"Stereo Visions" at Big Ears Festival: A Three-Dimensional Interview with Blake Williams

The director of "PROTOTYPE" discusses his program of bold 3D cinema guest-curated for the Big Ears Festival in Knoxville, Tennessee.
Daniel Kasman

more than everything

For those who love their live music to be risk-taking and cutting-edge, the Big Ears Festival, a 4-day event each March in Knoxville, Tennessee, is the place to be. For those who like their cinema of similar boldness and eclecticism, Big Ears is becoming a destination for that, too. Focusing on experimental work and inspired retrospectives, the film section of Big Ears is now in its third year, programmed by critic Darren Hughes (who writes regularly for the Notebook) and filmmaker Paul Harrill (Something, Anything), who together run The Public Cinema, a non-profit screening series shown at the Knoxville Museum of Art that operates year-long. Big Ears' film program is an exciting extension and expansion of The Public Cinema's initiative, which brings international art cinema like Hong Sang-soo's On the Beach Alone at Night and Valeska Grisebach's Western, as well as American independent cinema like Frederick Wiseman's Ex Libris - The New York Public Library, to audiences who otherwise wouldn't be able to see such films on the big screen.

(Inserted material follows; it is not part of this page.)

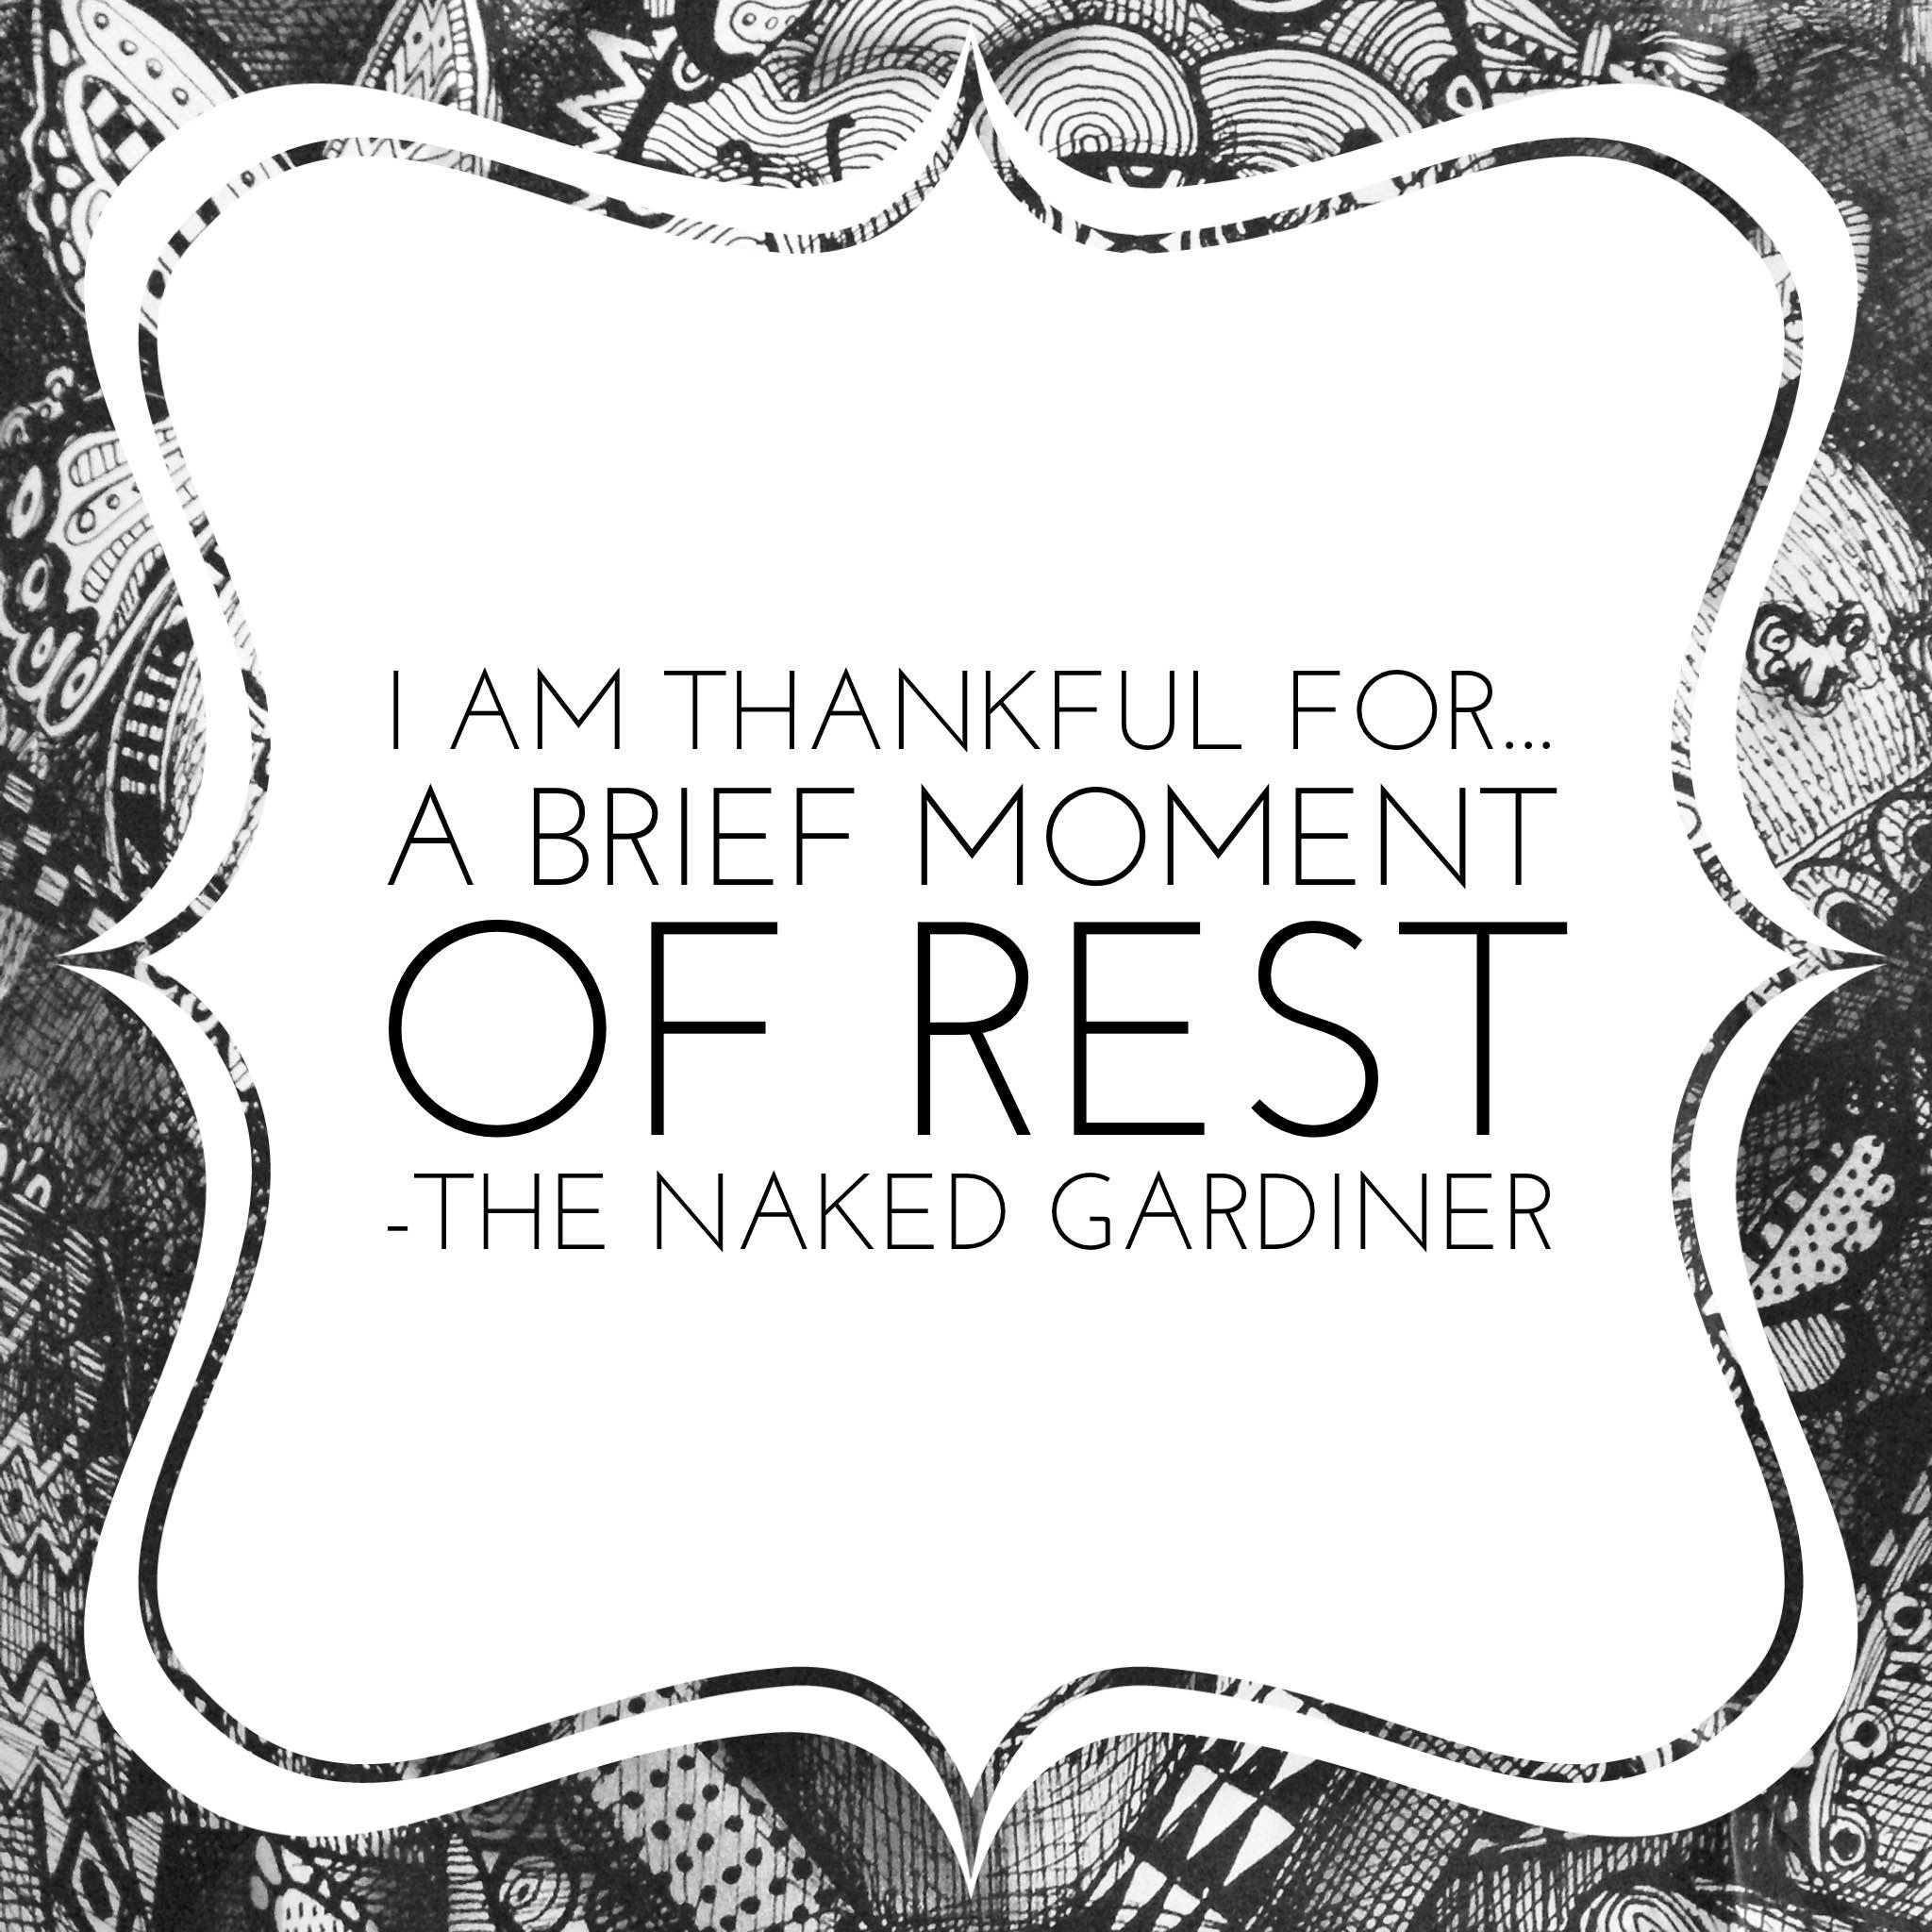 thankful-thursdays-brief-moment-of-rest-thenakedgardiner

The 2018 edition of Big Ears showcases the growing ambition of the festival as a destination for filmmakers and moviegoers with its focus on American experimental animator Lewis Klahr and a survey of regional American cinema between 1960 and 1989, as well as two guest-programmed retrospectives, one of the highly influential San Francisco avant-garde film collection Canyon Cinema, programmed by David Dinnell, and "Stereo Visions," a survey of 3D cinema curated by critic and filmmaker Blake Williams. A passionate practitioner and teacher of 3D cinema, Williams is showing his great 2017 feature debut—the sensorial techno-hurricane film PROTOTYPE—at Big Ears, alongside other films ranging from feature-length big name experiments (Hitchcock's Dial M for Murder, Herzog's Cave of Forgotten Dreams, Godard's Goodbye to Language) to some of the best 3D work of the contemporary avant-garde, including Ken Jacobs' glasses-free masterpiece Seeking the Monkey King, Lillian F. Schwartz's pioneering early computer animations, Johann Lurf's cacophonous Hollywood logo mash-up Twelve Tales Told and Takashi Makino's immersive 2012.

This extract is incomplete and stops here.